Source data:
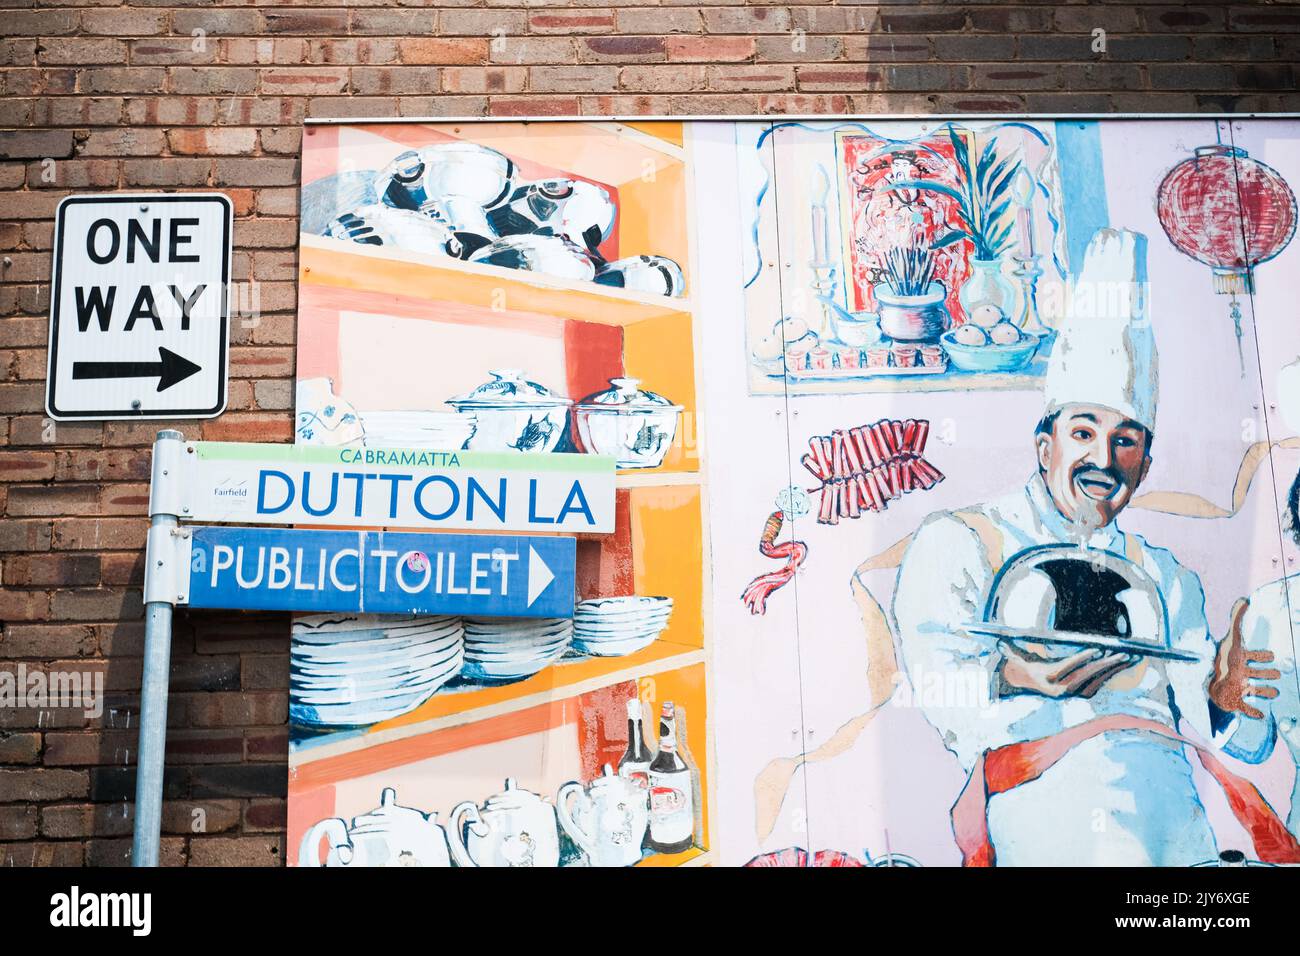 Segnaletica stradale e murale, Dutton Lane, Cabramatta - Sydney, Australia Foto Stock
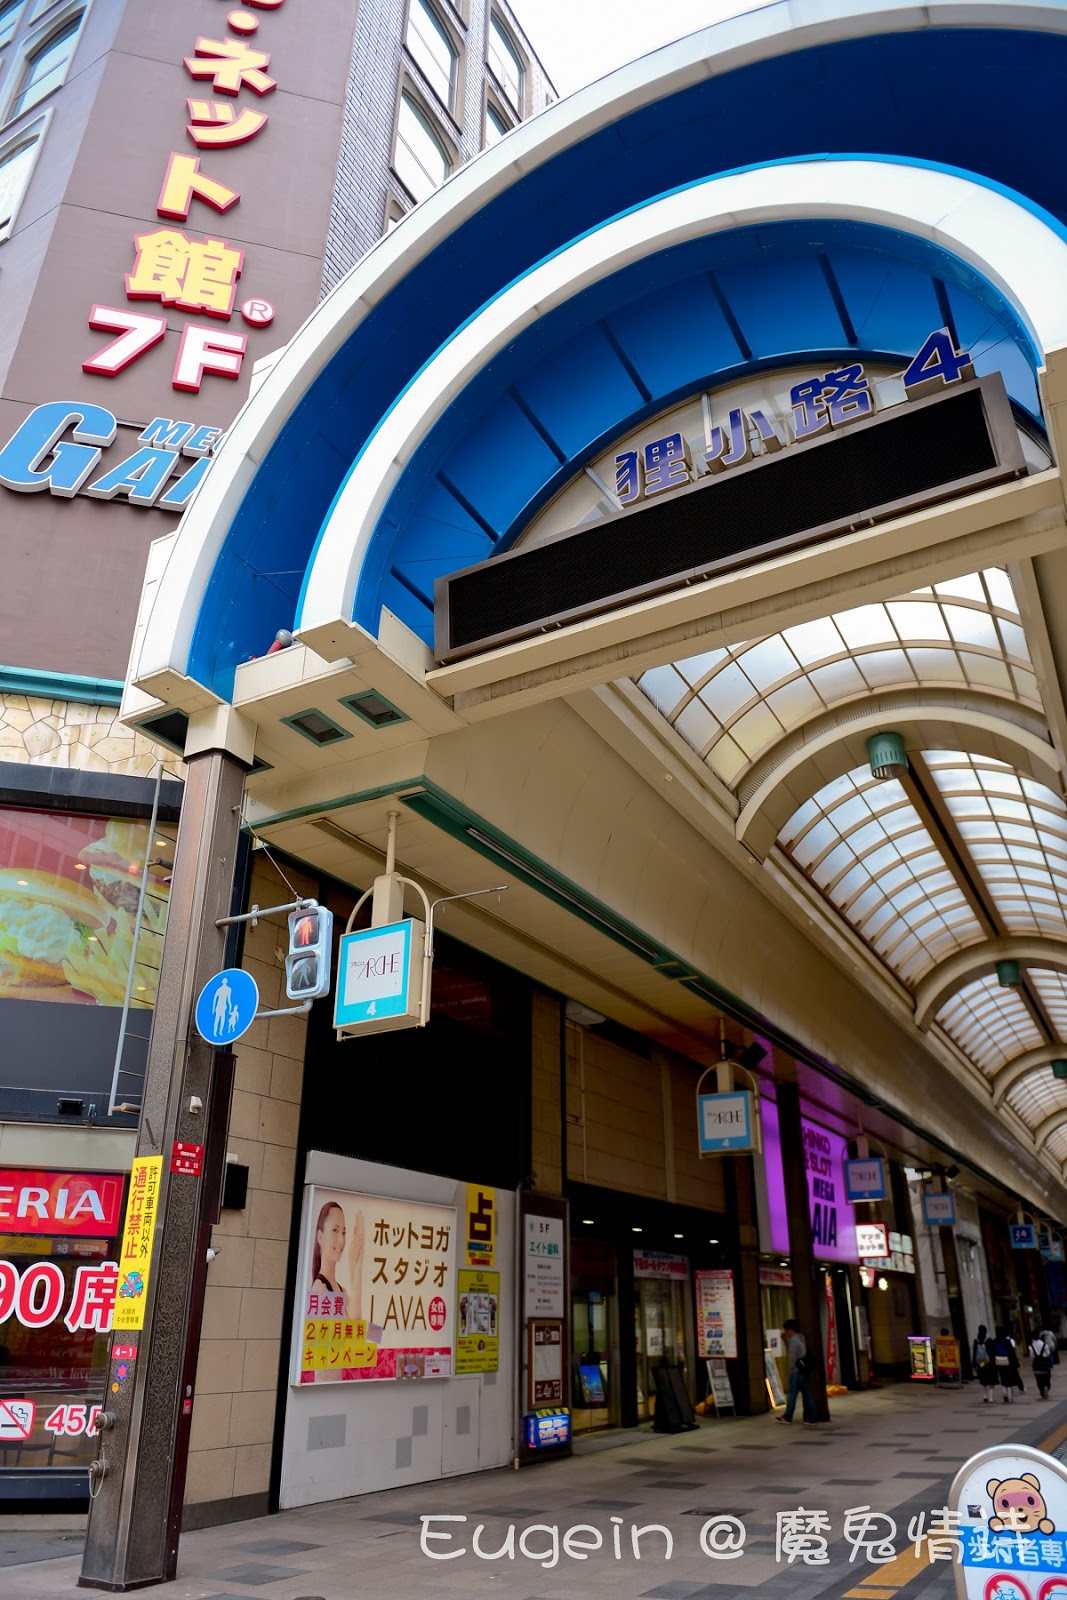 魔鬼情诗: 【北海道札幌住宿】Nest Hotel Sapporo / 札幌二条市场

==

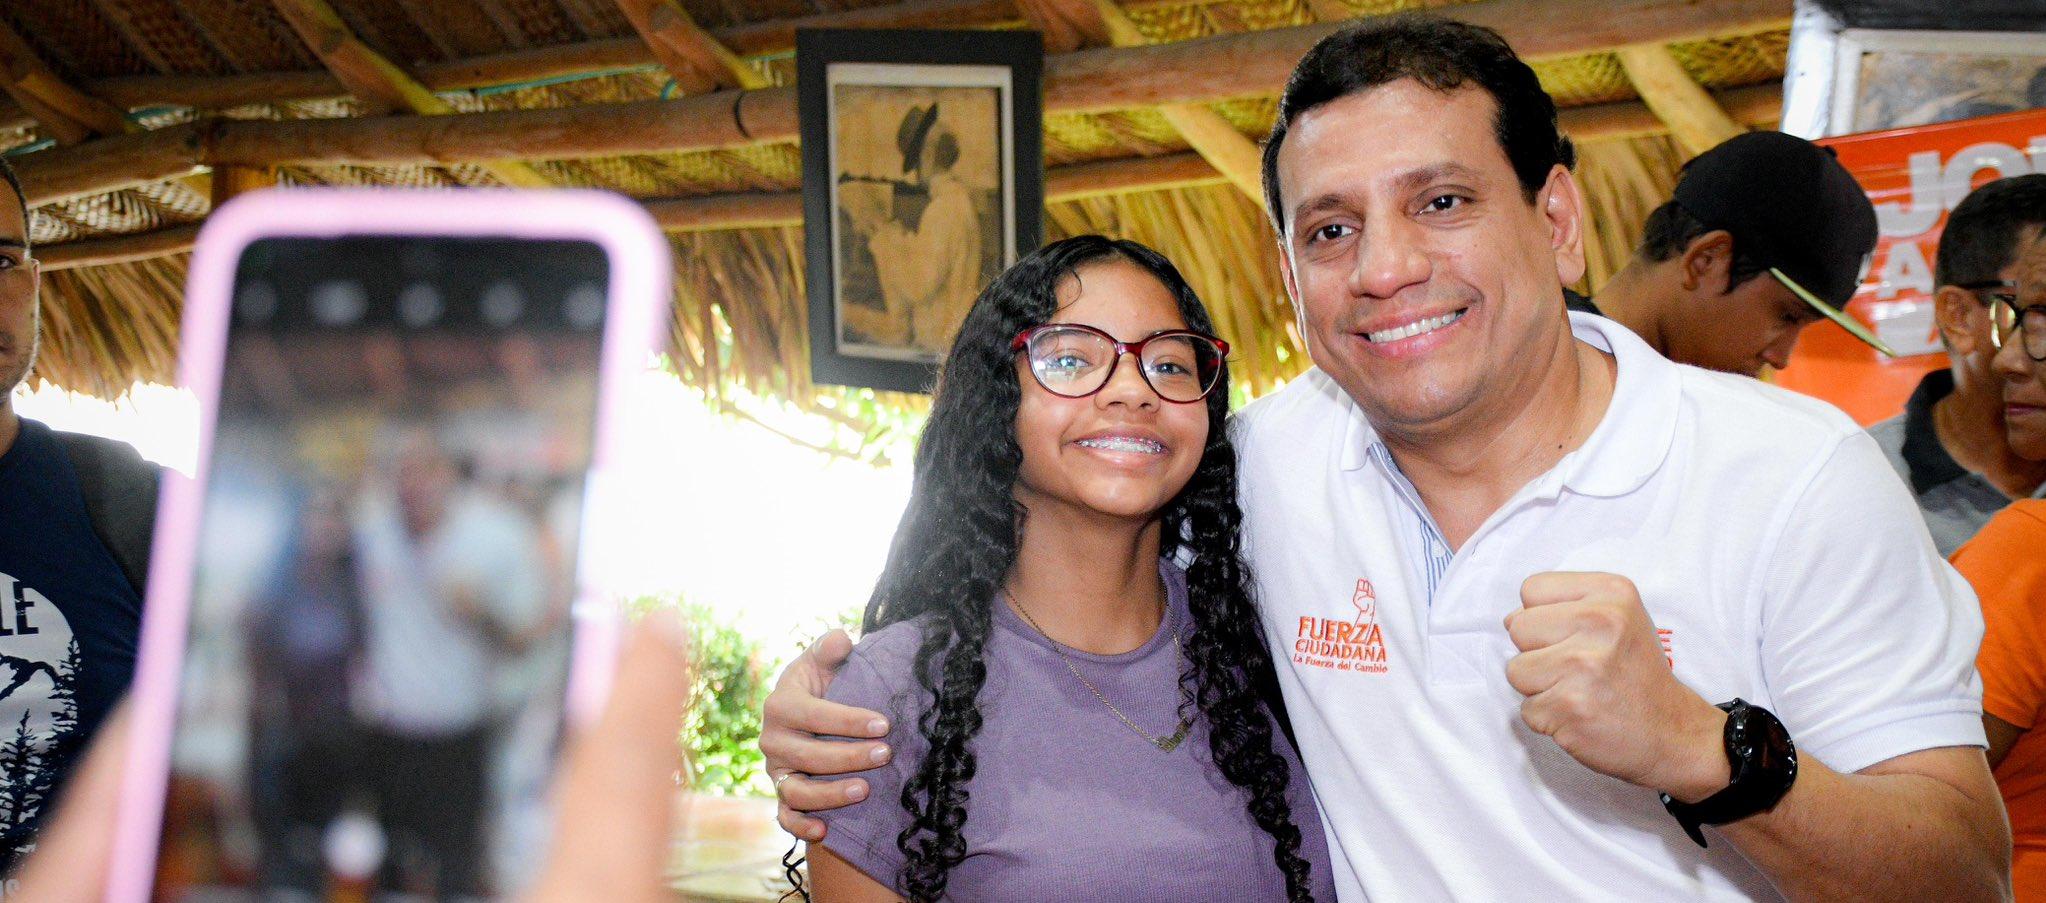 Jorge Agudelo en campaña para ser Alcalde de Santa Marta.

What is needed: The answer is the lines of the material above, from the one containing "Segnaletica stradale e" down to the one containing "魔鬼情诗: 【北海道札幌住宿】Nest Hotel Sapporo / 札幌二条市场", given exactly and without images.

Task solution:
 Segnaletica stradale e murale, Dutton Lane, Cabramatta - Sydney, Australia Foto Stock
 魔鬼情诗: 【北海道札幌住宿】Nest Hotel Sapporo / 札幌二条市场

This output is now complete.